De beslissing berust op de artikelen 5 en 177 van de Wegenverkeerswet 1994, zoals deze artikelen luidden ten tijde van het bewezenverklaarde.

7.De beslissing

De rechtbank:
Vrijspraak
- spreekt de verdachte vrij van het onder het primair ten laste gelegde feit;
Bewezenverklaring
- verklaart het subsidiair tenlastegelegde bewezen zoals hierboven onder 3 is omschreven;
Strafbaarheid
  • verklaart dat het bewezenverklaarde het strafbare feit oplevert zoals hierboven onder 4 is omschreven;
  • verklaart verdachte niet strafbaar en ontslaat verdachte van alle rechtsvervolging.
Dit vonnis is gewezen door mr. J.M.E. Kessels, voorzitter, mr. A.K. Kleine en mr. K.J.H. Hoofs, rechters, in tegenwoordigheid van mr. M.M.A. Akkers, griffier, en uitgesproken ter openbare zitting van 28 april 2016.

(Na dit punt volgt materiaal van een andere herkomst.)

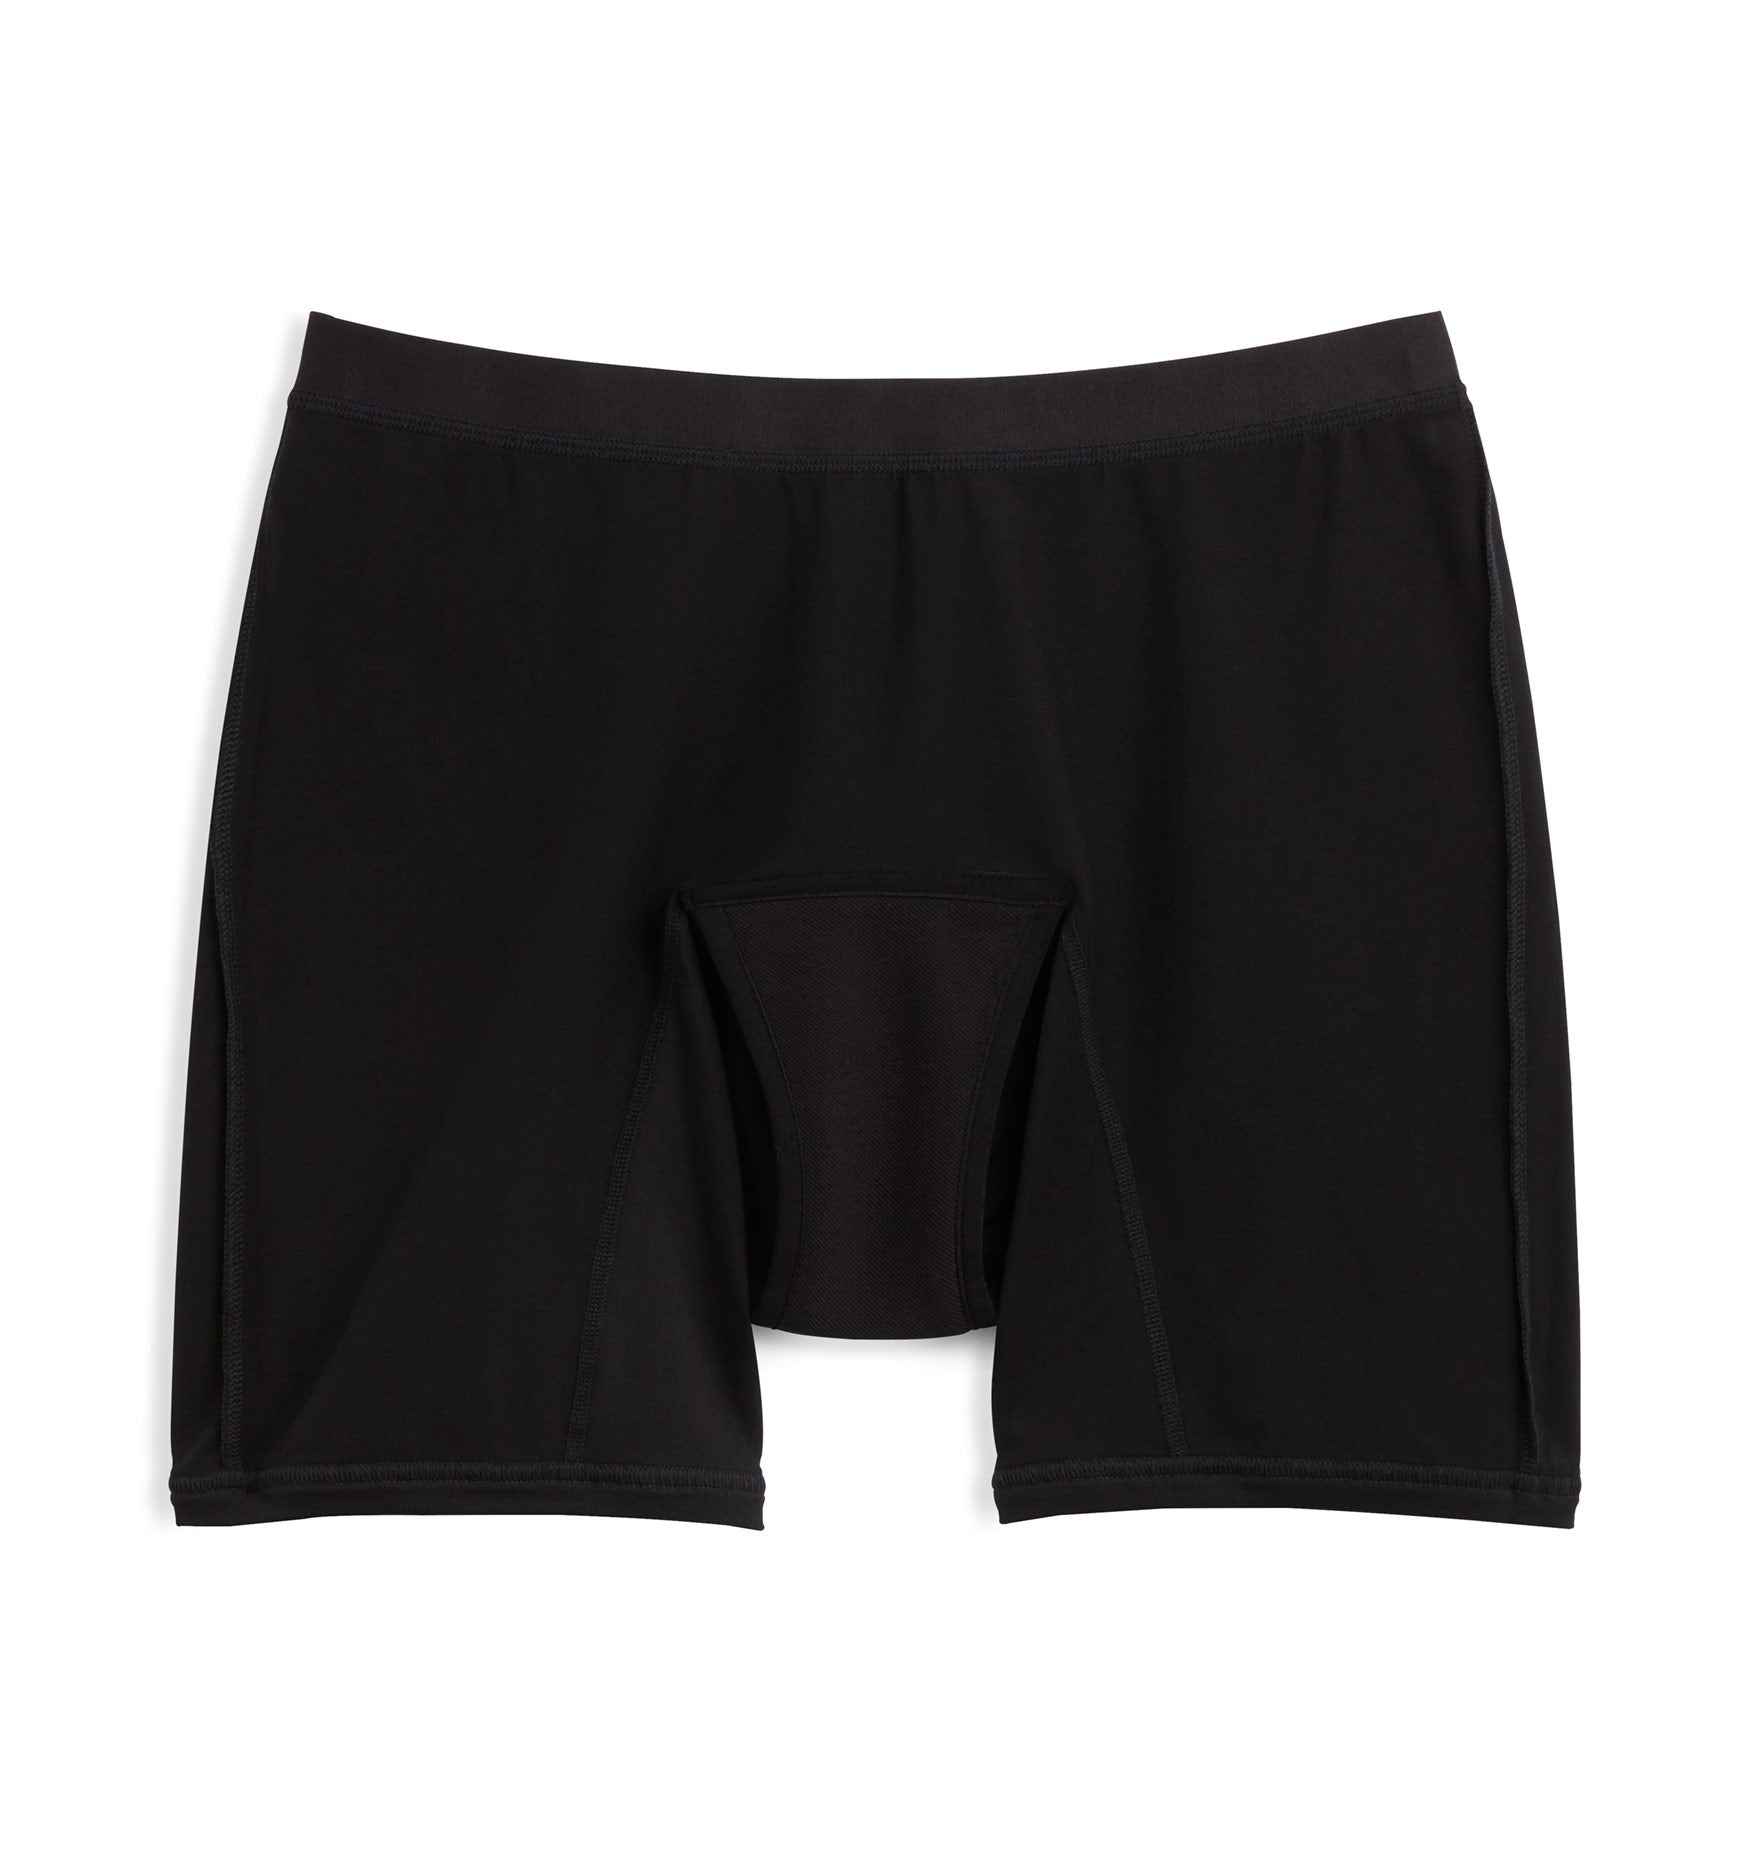 TomboyX 9 Boxer Briefs Underwear For Women, Cotton Stretch

BIJLAGE I: De tenlastelegging
Aan de verdachte is ten laste gelegd dat
hij op of omstreeks 19 oktober 2014 te Arcen, in de gemeente Venlo, als
verkeersdeelnemer, namelijk als bestuurder van een motorrijtuig (autobus),
daarmede rijdende over de weg, de Broekhuizerweg,
zich zodanig heeft gedragen dat een aan zijn schuld te wijten verkeersongeval
heeft plaatsgevonden door zeer, althans aanmerkelijk, onvoorzichtig,
onoplettend en/of onachtzaam,
op het moment dat een groep mensen zich bevond op die Broekhuizerweg,
de rem van zijn motorrijtuig los te laten en/of (vervolgens) vanuit stilstand
vanaf de Broekhuizerweg weg te rijden en/of (vervolgens) de snelheid van zijn
motorrijtuig op de Broekhuizerweg te verhogen,
en/of (vervolgens) met een voor de verkeerssituatie en omstandigheden ter
plaatse te hoge snelheid te rijden,
en/of (daarbij) niet, althans in onvoldoende mate op het voor hem gelegen
gedeelte van de weg, de Broekhuizerweg, en/of het overige verkeer te letten
en/of blijven letten,
en/of zich er niet, althans niet voldoende van te vergewissen dat er zich geen
verkeer (vlak) voor de bus bevond,
waardoor hij, verdachte, met het door hem bestuurde motorrijtuig in botsing,
althans aanrijding is gekomen met een zich (vlak) voor de autobus bevindende
voetganger,
door welk verkeersongeval [slachtoffer] (zijnde die voetganger) zwaar
lichamelijk letsel, te weten een miltscheuring met bloeding en een breuk van
het bekken, of zodanig lichamelijk letsel werd toegebracht dat daaruit
tijdelijke ziekte of verhindering in de uitoefening van de normale bezigheden
is ontstaan;
Subsidiair, althans, indien het vorenstaande niet tot een veroordeling mocht of
zou kunnen leiden, dat:
hij op of omstreeks 19 oktober 2014,
te Arcen, in de gemeente Venlo,
als bestuurder van een motorrijtuig (autobus), daarmee rijdende op de weg, de
Broekhuizerweg,
op het moment dat een groep mensen zich bevond op die Broekhuizerweg,
de rem van zijn motorrijtuig heeft losgelaten en/of (vervolgens) vanuit
stilstand vanaf de Broekhuizerweg is weggereden en/of (vervolgens) de snelheid
van zijn motorrijtuig op de Broekhuizerweg heeft verhoogd,
en/of (vervolgens) met een voor de verkeerssituatie en omstandigheden ter
plaatse te hoge snelheid heeft gereden,
en/of (daarbij) niet, althans in onvoldoende mate op het voor hem gelegen
gedeelte van de weg, de Broekhuizerweg, en/of het overige verkeer heeft gelet
en/of is blijven letten,
en/of zich er niet althans niet voldoende van heeft vergewist dat er zich geen
verkeer (vlak) voor de bus bevond,
waardoor hij, verdachte, met het door hem bestuurde motorrijtuig in botsing,
althans aanrijding is gekomen met een zich (vlak) voor de autobus bevindende
voetganger,
door welke gedraging(en) van verdachte (telkens) gevaar op die weg werd
veroorzaakt, althans (telkens) kon worden veroorzaakt, en/of het verkeer op
die weg (telkens) werd gehinderd, althans (telkens) kon worden gehinderd.